"C'est les vacances" ("It's the Holidays/Vacations") is a 2005 song recorded by the French singer Ilona Mitrecey. It was released as second single from her debut album, Un Monde parfait, on 19 July 2005. It was a great success in several countries, including France, Belgium (Wallonia) and Switzerland, although it did not manage to reach number-one.

Lyrics and music
Produced by Ivan Russo and Rosario Castagnola, the song was composed by the latter, Mixivan and Laurent Jeanne, who also performed the background vocals. The song was recorded in France and in Italy.

In this song, Ilona explains her holidays in Italy, with her friends.

Chart performances
"C'est les vacances" had a great success in France, but failed to achieve the same huge performance of Ilona's previous single, "Un Monde parfait". It went straight to number three on 25 July 2005, where it stayed for two weeks, then peaked at number two, thus surpassing "Un Monde parfait". However, this single managed to reach number two again, and "C'est les vacances" dropped to number three where it remained for three consecutive weeks, then was number four for four weeks. Thereafter, the single continued to decline. It spent twelve weeks in the top ten, 21 weeks in the top 50 and 29 weeks in the top 100.

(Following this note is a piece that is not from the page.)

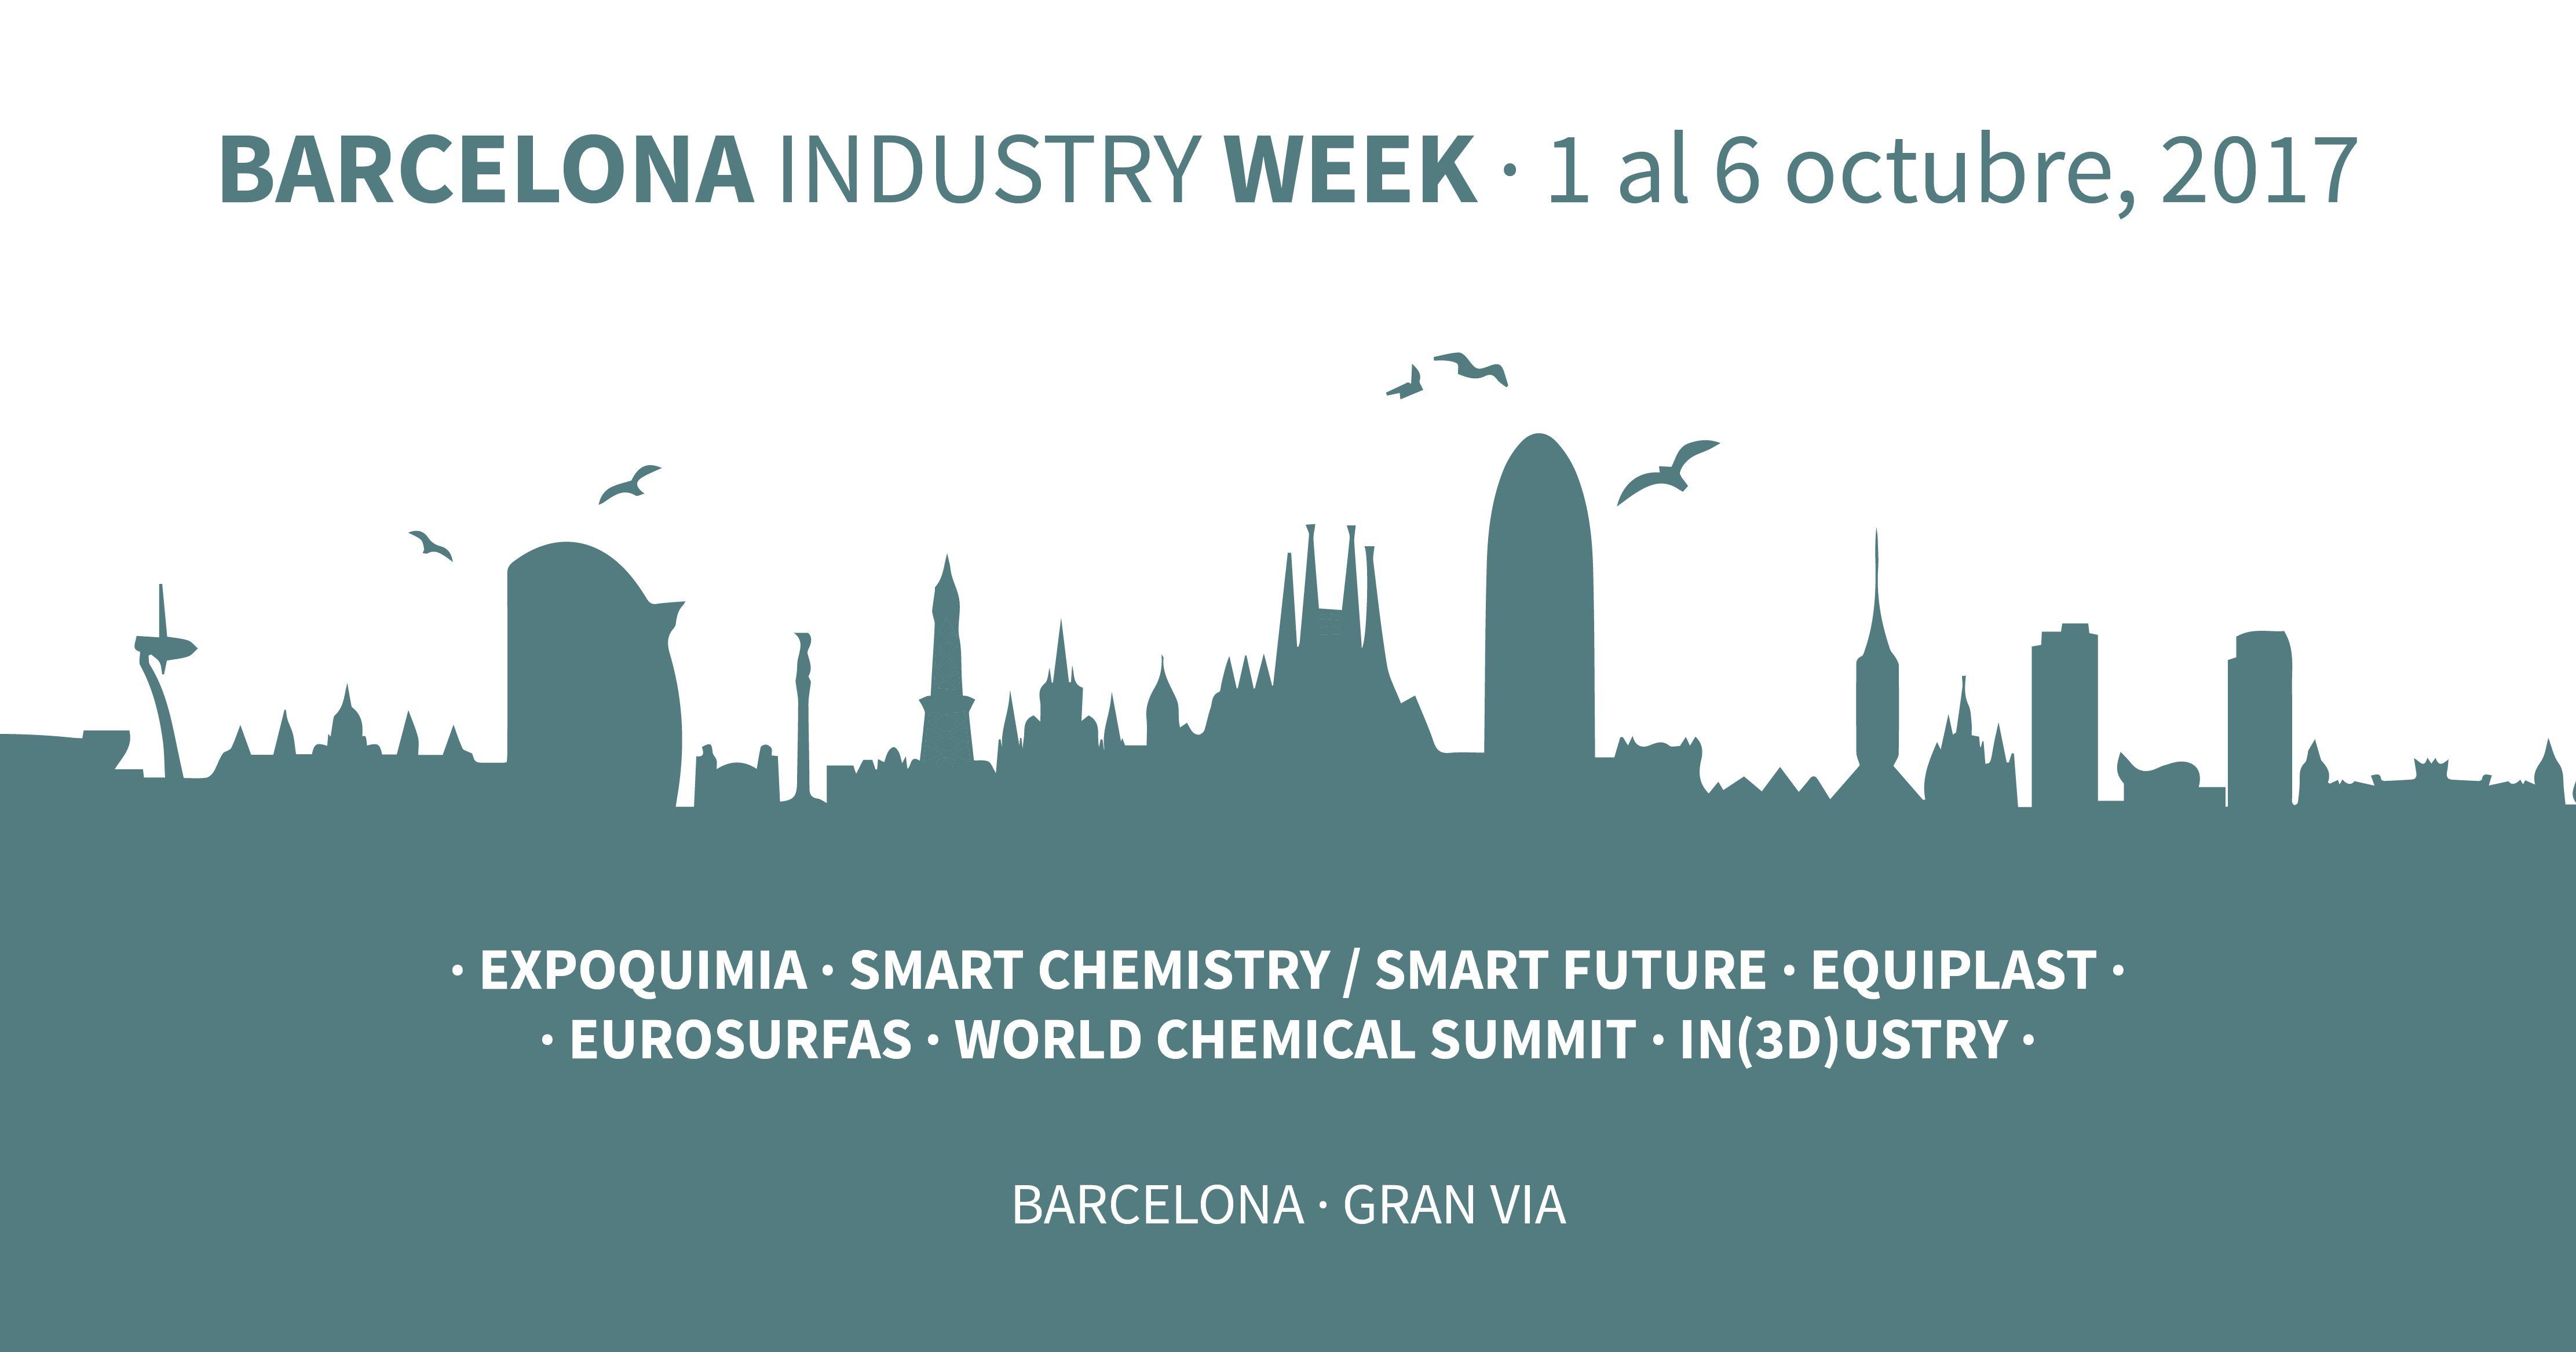 Barcelona Industry Week 2017
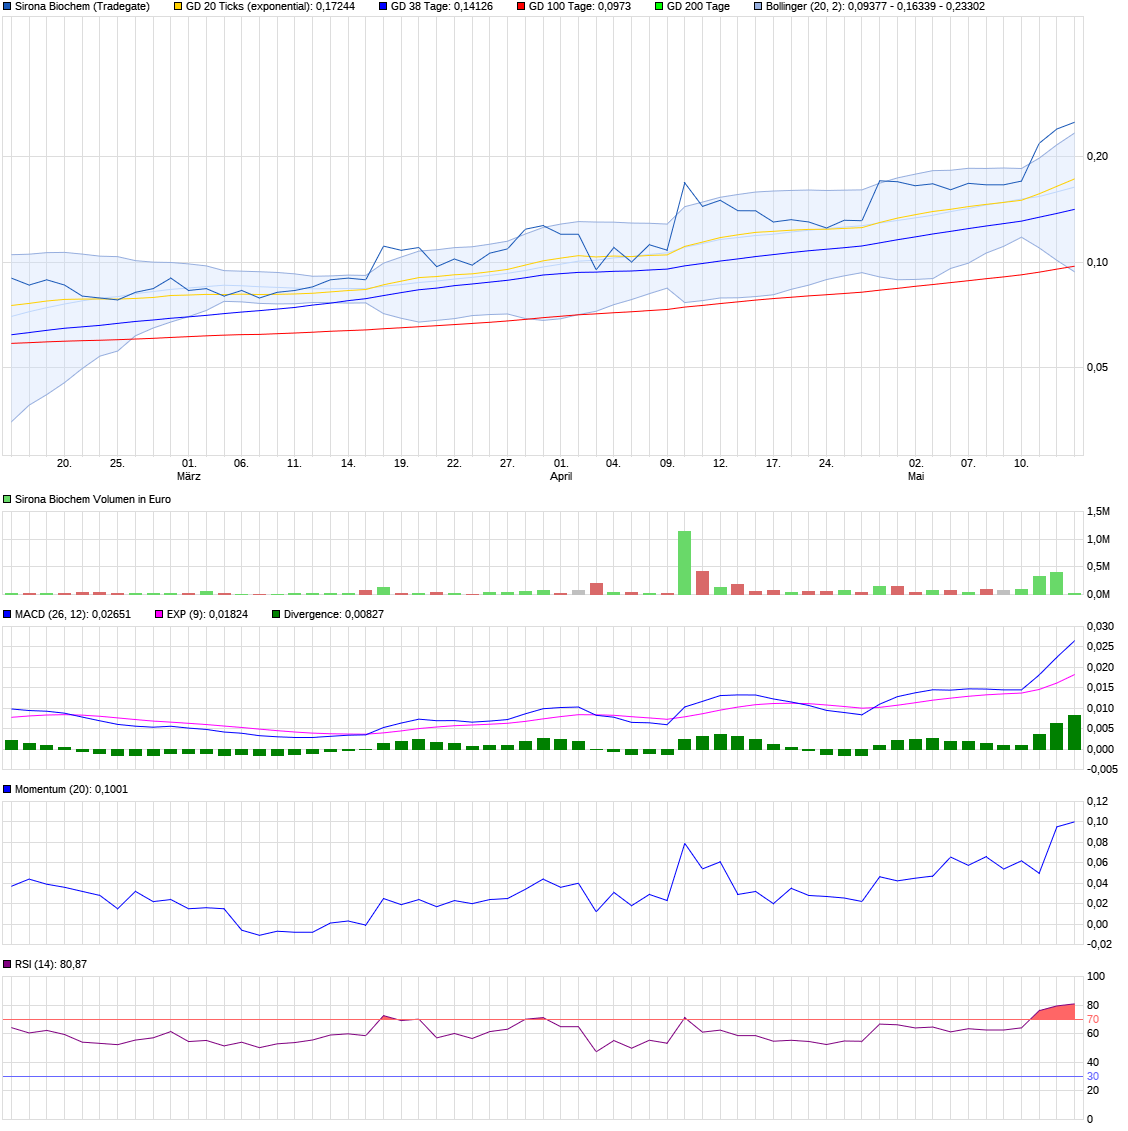 chart_quarter_sironabiochem.png

The SNEP revealed the song was the fourth best-selling single during the first nine months of 2005, and the seventh one of the year. As of August 2014, it is the 41st best-selling single of the 21st century in France, with 451,000 units sold.

In Belgium (Wallonia), the single debuted at number 27 on 16 July on the Ultratop 40 Singles Chart, then jumped to number six. Two weeks later, the song reached a peak at number three where it stayed for four non-consecutive weeks. It totaled twelve weeks in the top ten and 17 weeks on the chart (top 40).

In Switzerland, the single was listed for 27 weeks, from 31 July 2005 to 8 January 2006. It started at number nine and reached a peak at number six for two non-consecutive weeks.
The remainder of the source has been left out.